Lines that were presumably susceptible gave either the 620-bp fragment (cerasiforme, M82, Gh3, Gc16, TY50) or the 1000-bp fragment (TY52 and Gc9). The 620-bp fragments were sequenced except for M82 and they all were identical to the esculentum-type sequence for Moneymaker. The 720-bp fragment, characteristic of the peruvianum-type sequence from Motelle, was for Gh1 gave the peruvianum-like sequence.
In conclusions, both the CAPS markers for the REX locus and the Cornell locus give false positives with Ih902 and TY52. When the fragments are sequenced, the peruvianum- and chilense-type sequences can be identified by unique SNP patterns.

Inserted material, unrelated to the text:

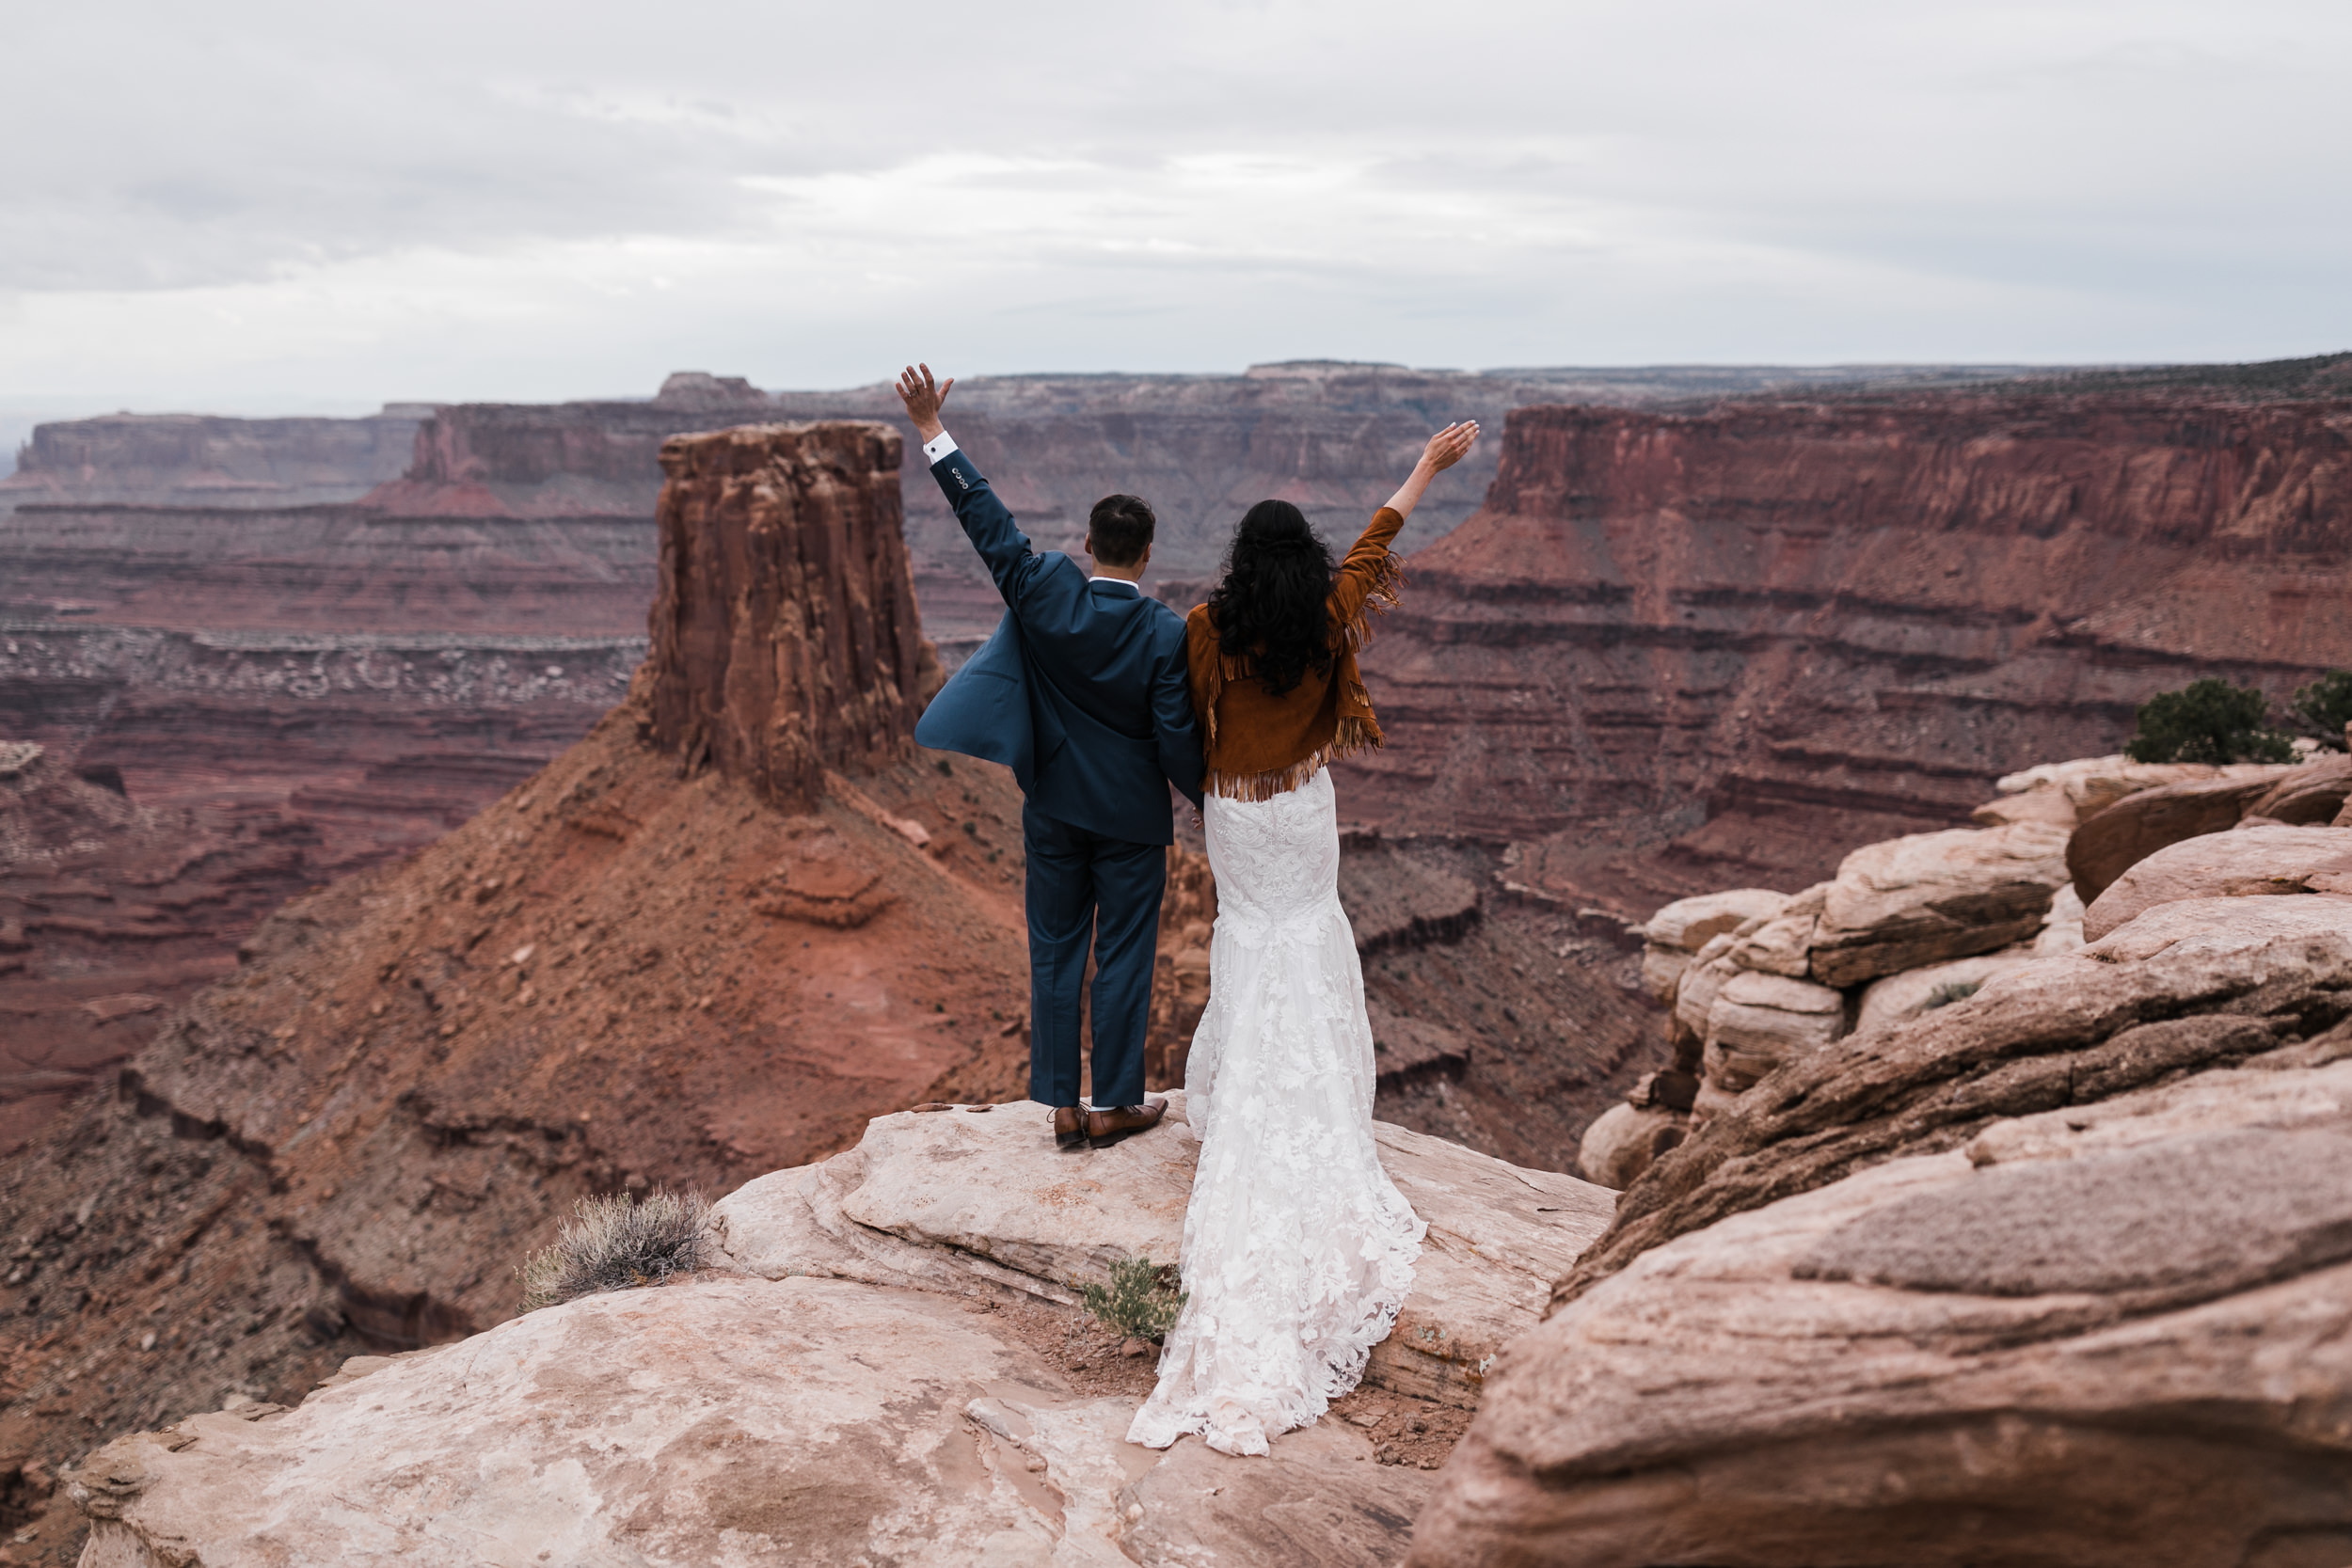 Jeep-Wedding-Moab-Utah-Hearnes-Adventure-Elopement-Photography-47.jpg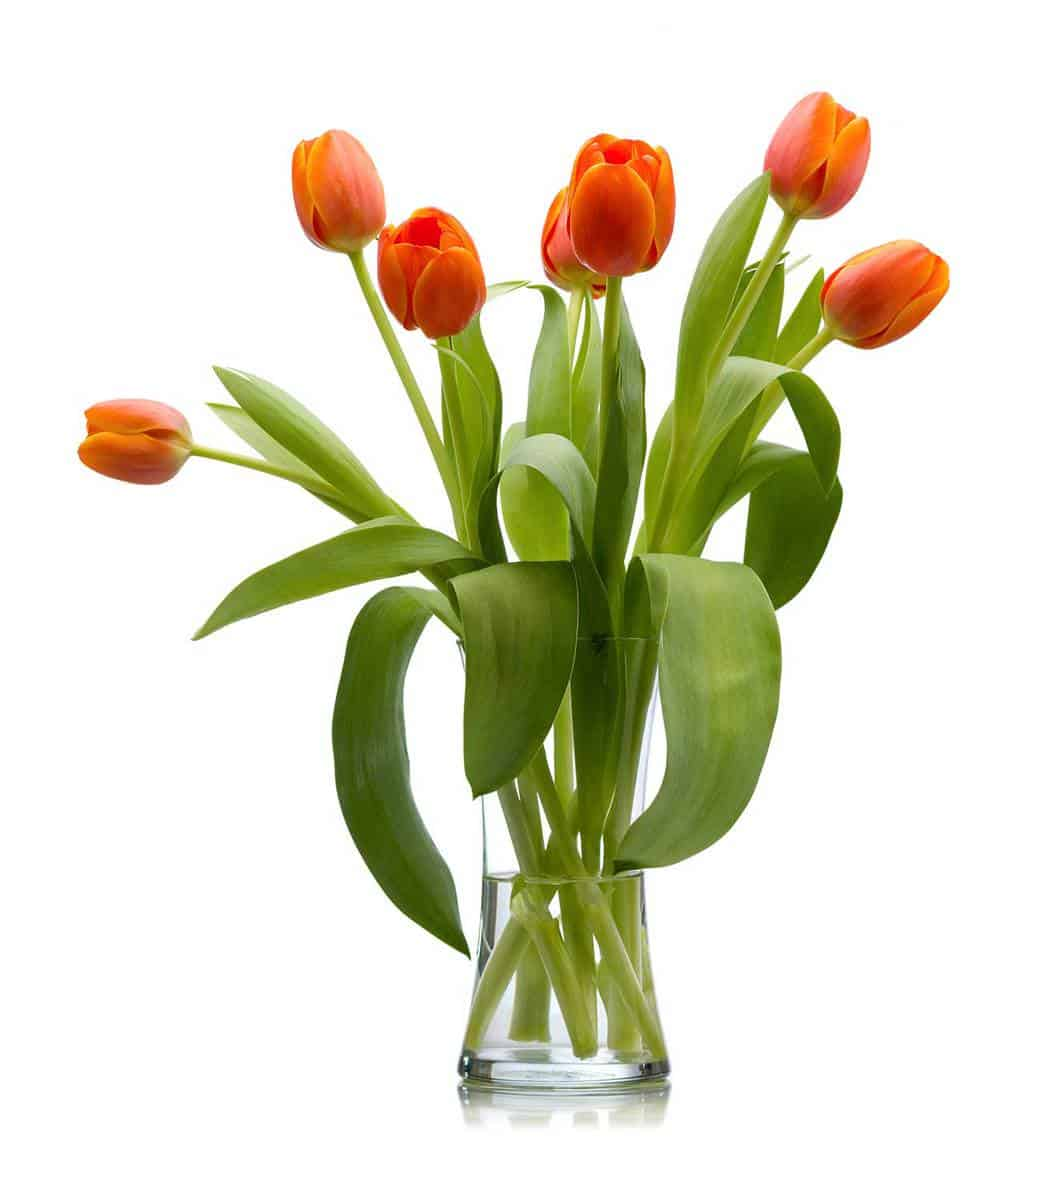 Seven-red-orange-fresh-cut-tulips-In-glass-vase

The Mi12F1/Mi12R2 primers give four different size fragments for each type, esculentum- (620 bp), peruvianum- (720 bp), hirsutum- (800 bp), and chilense-type (1,000 bp). Line Ih902 appears to be chimeric in this region with sequences both from chilense (Cornell locus) and peruvianum (REX and Mi12F1/Mi12R2 loci) and this may explain the difficulty in developing a PCR-based method to distinguish 902 from Motelle. As indicated above this is important since most of the resistance to begomoviruses is being derived from 902.
One last point, Gh2, which was selected from FAVI 12, has both resistance to root knot nematode and begomoviruses and has the excepted sequence and PCR fragments for the Mi-1 gene. This is an excellent line to use to incorporate resistance for both begomoviruses and root knot nematode into the various programs in the TOMATO MERC project.